As of the 2023–24 school year, the school had an enrollment of 527 students (plus 80 in PreK) and 74.1 classroom teachers (on an FTE basis), for a student–teacher ratio of 7.1:1. The school's student body was 70.2% (370) Asian, 23.0% (121) White, 2.8% (370) Hispanic, 2.1% (11) two or more races, 1.7% (9) Black and 0.2% (1) American Indian / Alaska Native.

==History==
The school started its operation in about 1993 on the premises of the Islamic Society of Central Jersey. In 2009, it started the expansion project on the 17 acres site. Noor-Ul-Iman School has a 100% college attendance rate post-graduation, with students applying to colleges within the United States and abroad ranging from state colleges to the Ivy League.

==Faculty==
NUI students are instructed by sixty-six full-time and part-time faculty members allowing for the advantages of a low student/teacher ratio. In addition to the faculty members who have bachelor's degrees in their fields, twenty have master's degrees, one has a PhD and one has a Juris Doctor. NUI faculty members have an average of eleven years of teaching experience. All of the foreign language faculty members are native speakers of the language they teach. Several of the high school faculty members have published papers and/or books and many faculty members throughout the school have led workshops in their areas of expertise.

==Students==
The NUI student body is very diverse. Students come from a variety of cultural and economic backgrounds. The majority of the students are bilingual, and some are trilingual. This diversity of the NUI student body gives the students a greater perspective on cultural traditions as well as religious understanding.

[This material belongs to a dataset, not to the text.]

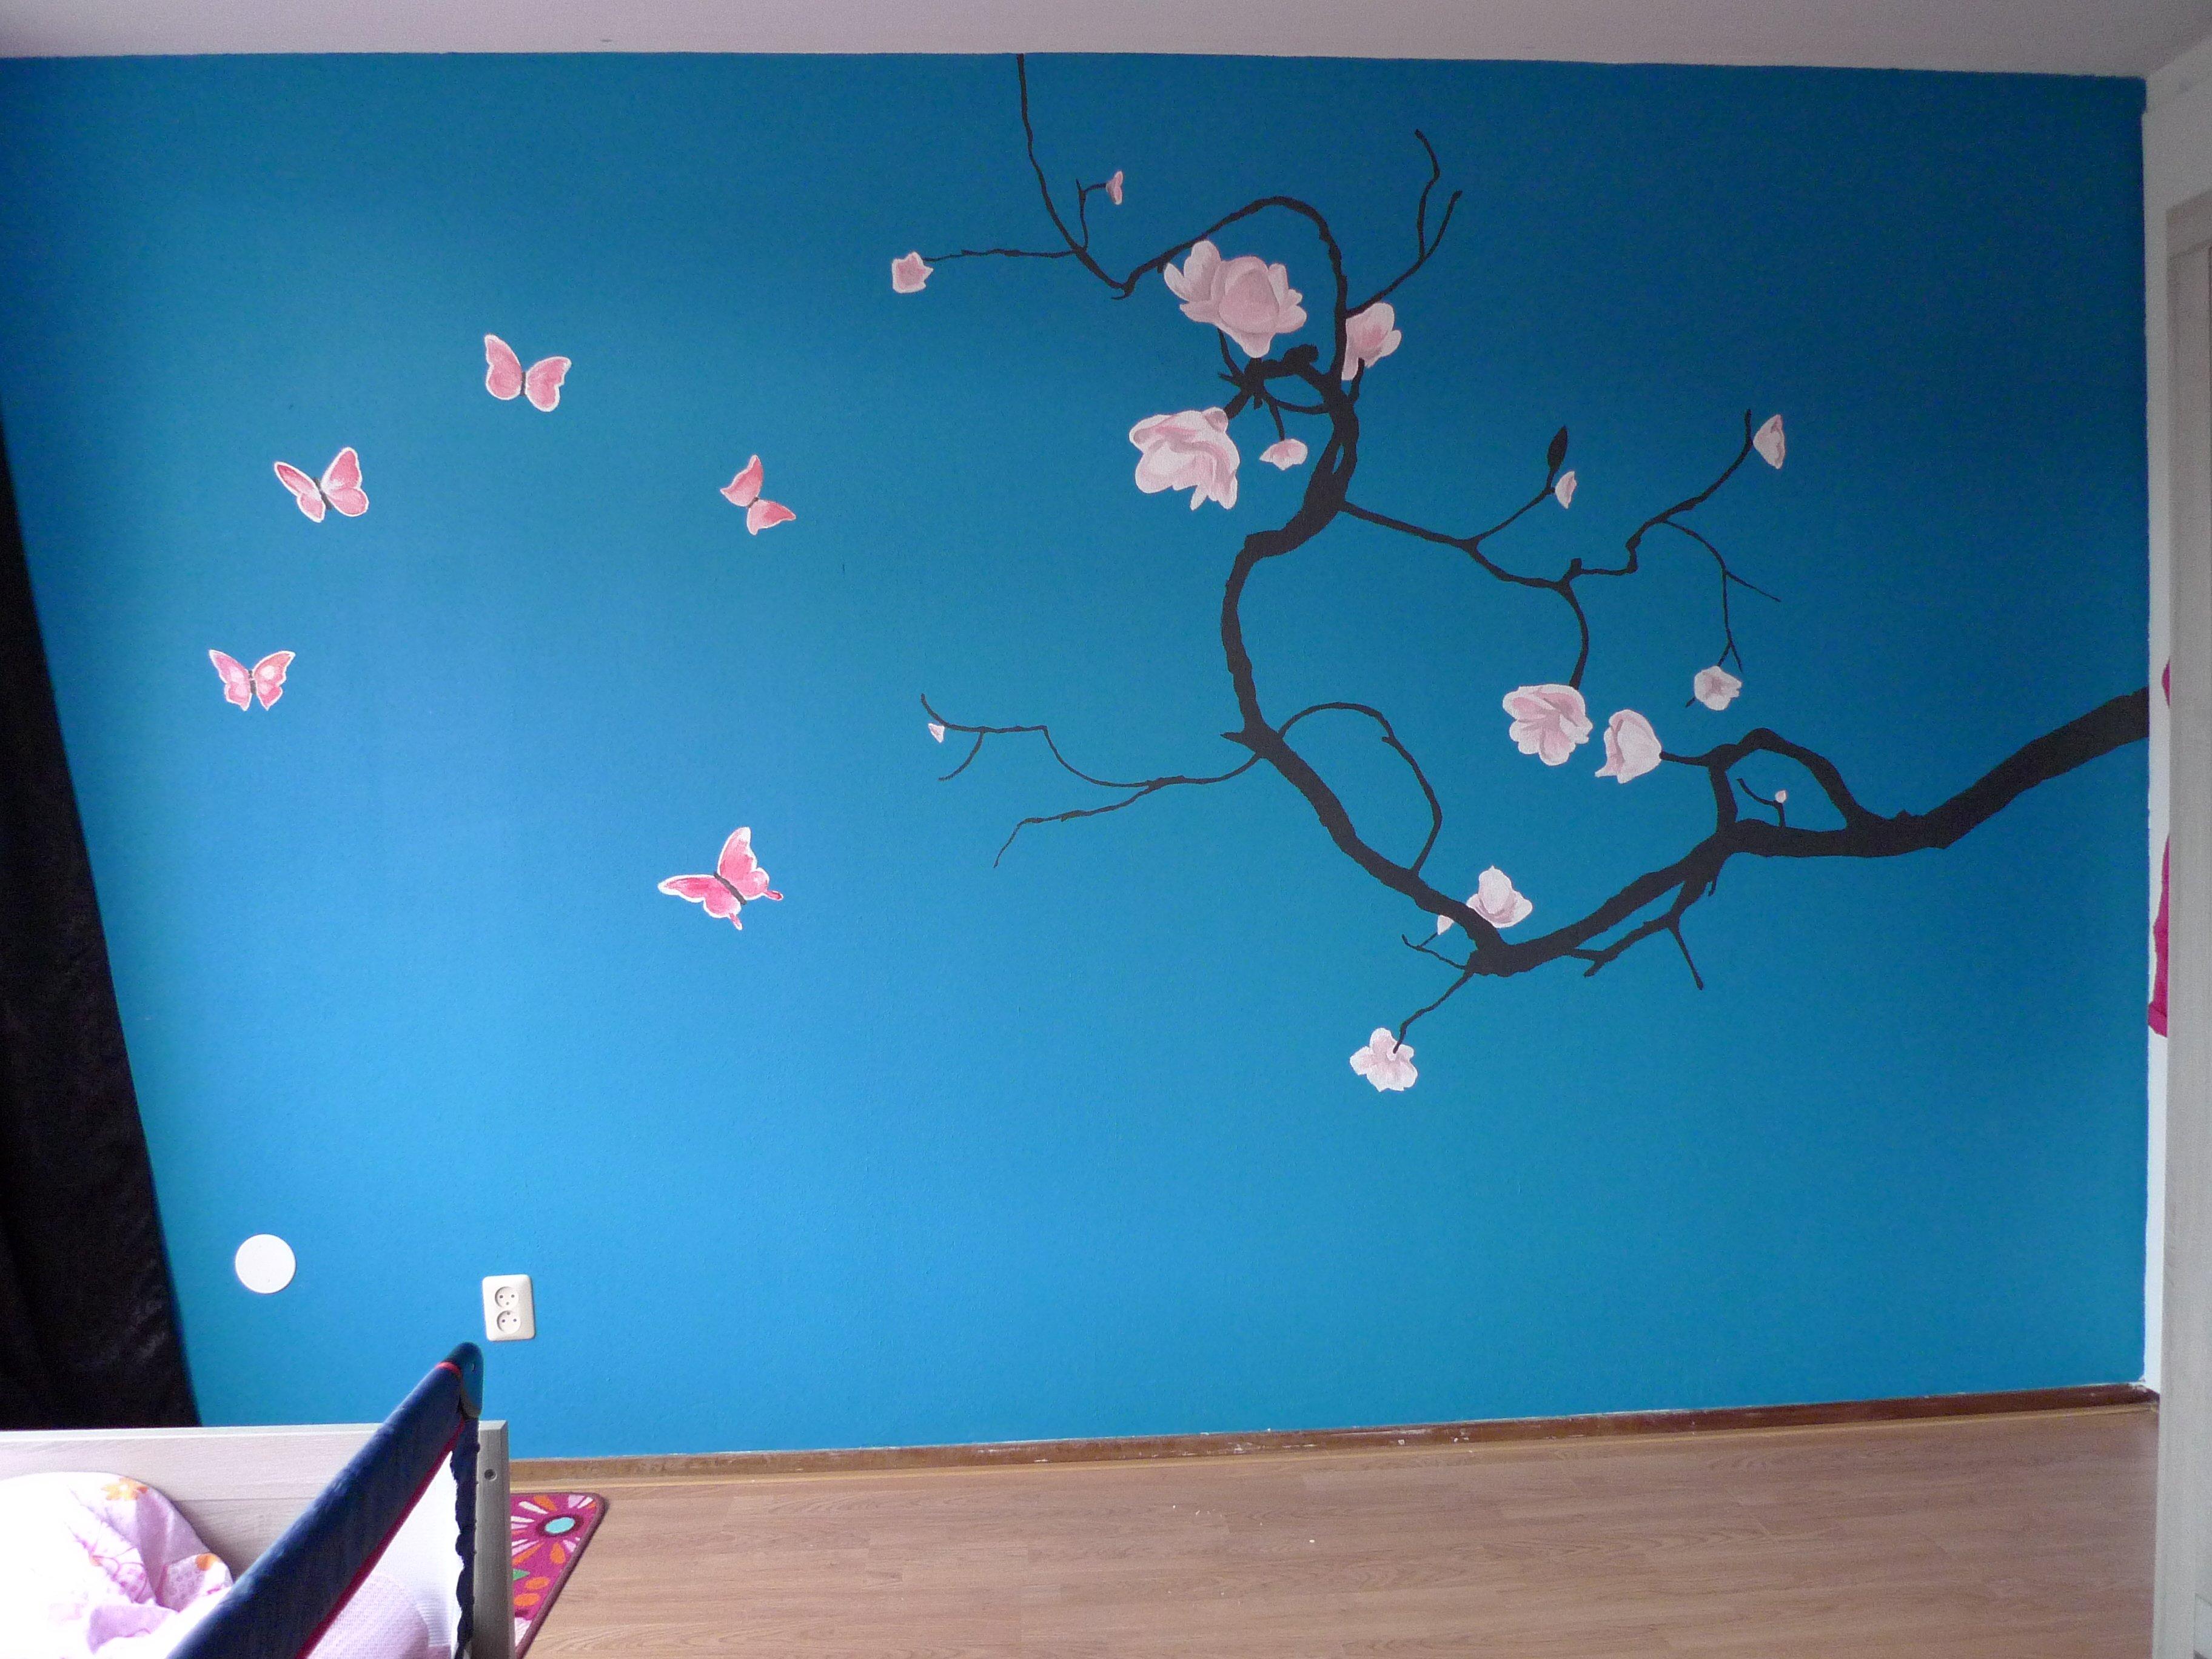 Muurschilderingen Voor Slaapkamer : Graffiti muurschildering boxtel slaapkamer mooiegraffiti
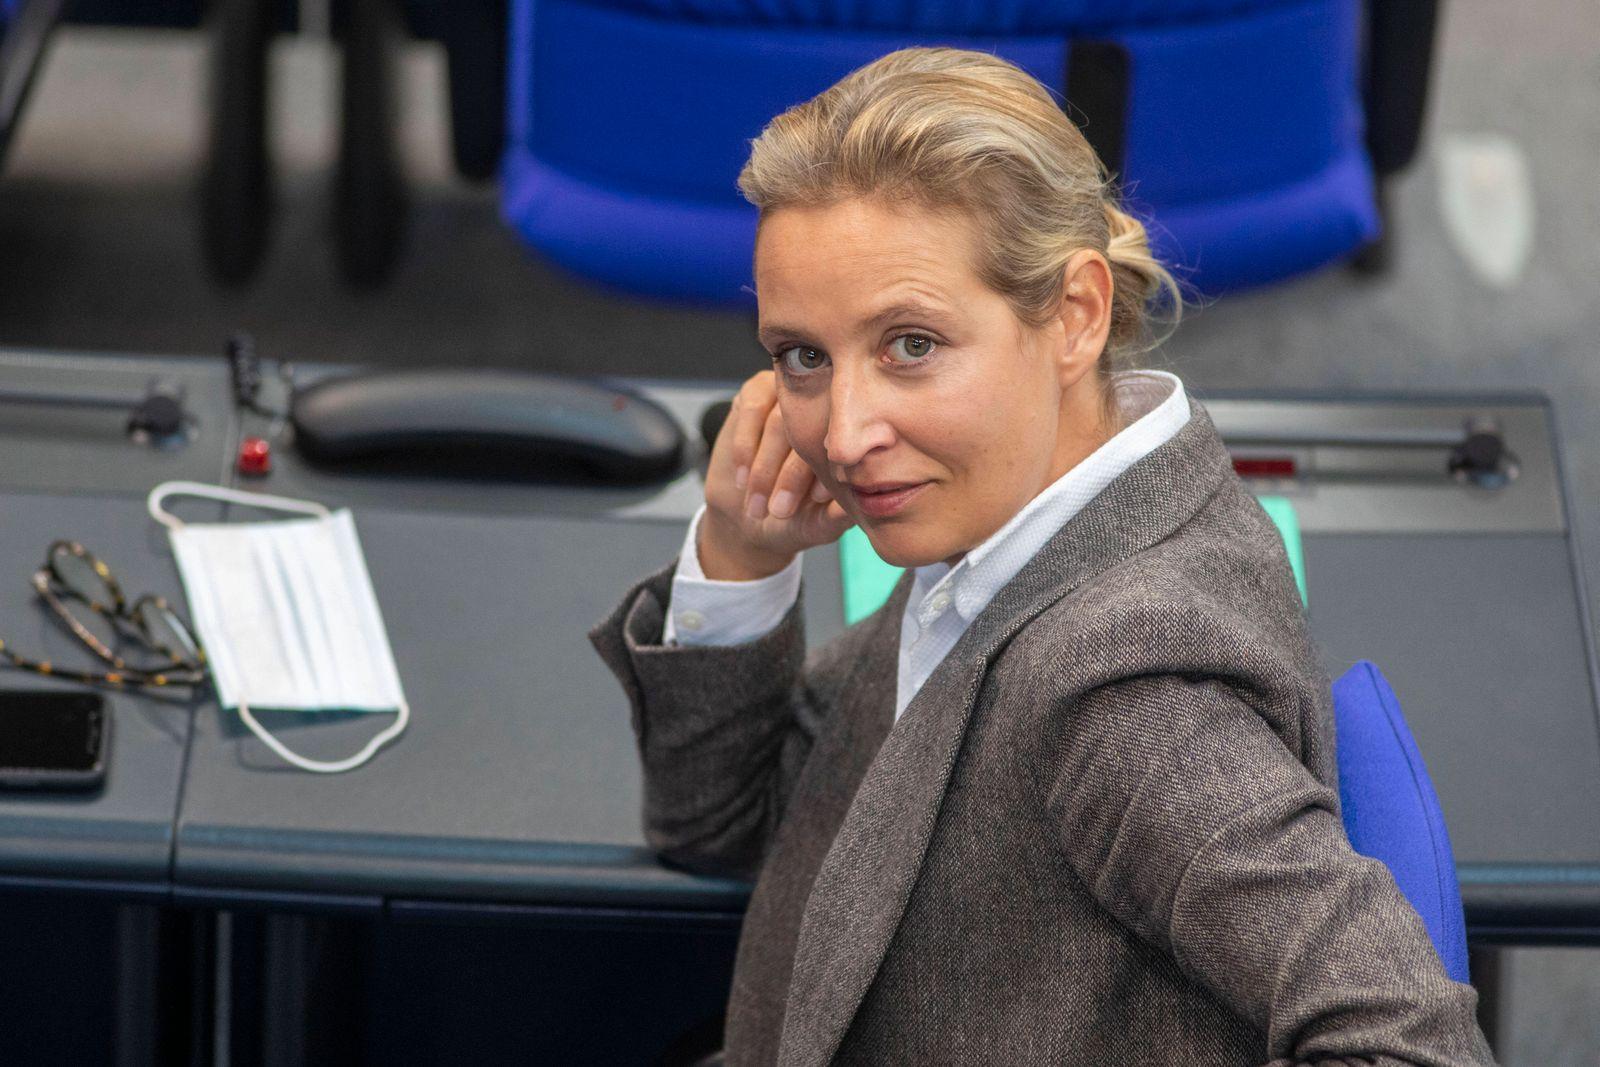 News Themen der Woche KW47 News Bilder des Tages Deutschland, Berlin, Bundestag, 191. Sitzung, Alice Weidel AfD, 18.11.

In the previous seventeen years, NUI has graduated a total of 325 students. Of those students:

- Ten were National Merit finalists.
- Forty-seven were National Merit commended students.
- The average scores on the SAT were 623 in verbal and 648 in math (for the fourteen years of graduates through June 2017).
- The average score on the SAT in writing was 644 (for the twelve years of graduates through June 2017).
- The average for the classes of 2017 through 2020 on the SAT Evidence-Based Reading is 658 and for Math is 665.

==Achievements==
In addition to its excellent Academics and Religious Studies, Noor-Ul-Iman School offers students the opportunity to participate in a variety of clubs, interscholastic sports and competitions. Of special note, NUI's students have won numerous awards.

Noor-Ul-Iman was recently ranked #3 Best Private High School in Middlesex County by Niche.com and featured as one of the best Islamic Schools in America

Noor-Ul-Iman was listed as one of the best STEM High Schools in the country.

NUI Wins Mock Trial Competition

NUI School celebrates Martin Luther King Day

EXTRACURRICULAR PROGRAMS AND COMPETITIONS
| American Mathematics Competition * Arabic Club Basketball The Beauty of Poetry Club Community Service Club Speech and Debate Club Empower Club Entrepreneur Club Franklin High School Model UN Conference French Club | Hunger Van Club ‘Ibra Literary Magazine Junior State of America Nasheed Club (Devotional Song Club) National High School Mock Trial National Honor Society * National Language Arts League National/NJ Forensic League Debate Team * Noor-Ul-Iman IEEE-STEM Club Noor-Ul-Iman Model UN | Oculus (School Newspaper) Philadelphia Model UN Conference Rutgers Model UN Conference Science Olympiad * Soccer Spanish Club Student Council Video Club WordWright Challenge Yearbook |
* Approved by the National Association of Secondary School Principals

Athletics:
- 2018 Soccer: The NUI High School Boys’ varsity soccer team ended the fall season with a record of 4 wins, 2 ties and 2 losses.

==Administration==
The administrative and educational affairs of the school are managed by the Head of School with the help of an administrative team, a group of professional educators averaging over nineteen years of educational experience, and a business manager with over twenty-six years of experience in her field. The administrative team is made up of the Head of School, High School Division Head, Middle School Division Head, Elementary School Division Head, Early Childhood Division Head, and Business Manager.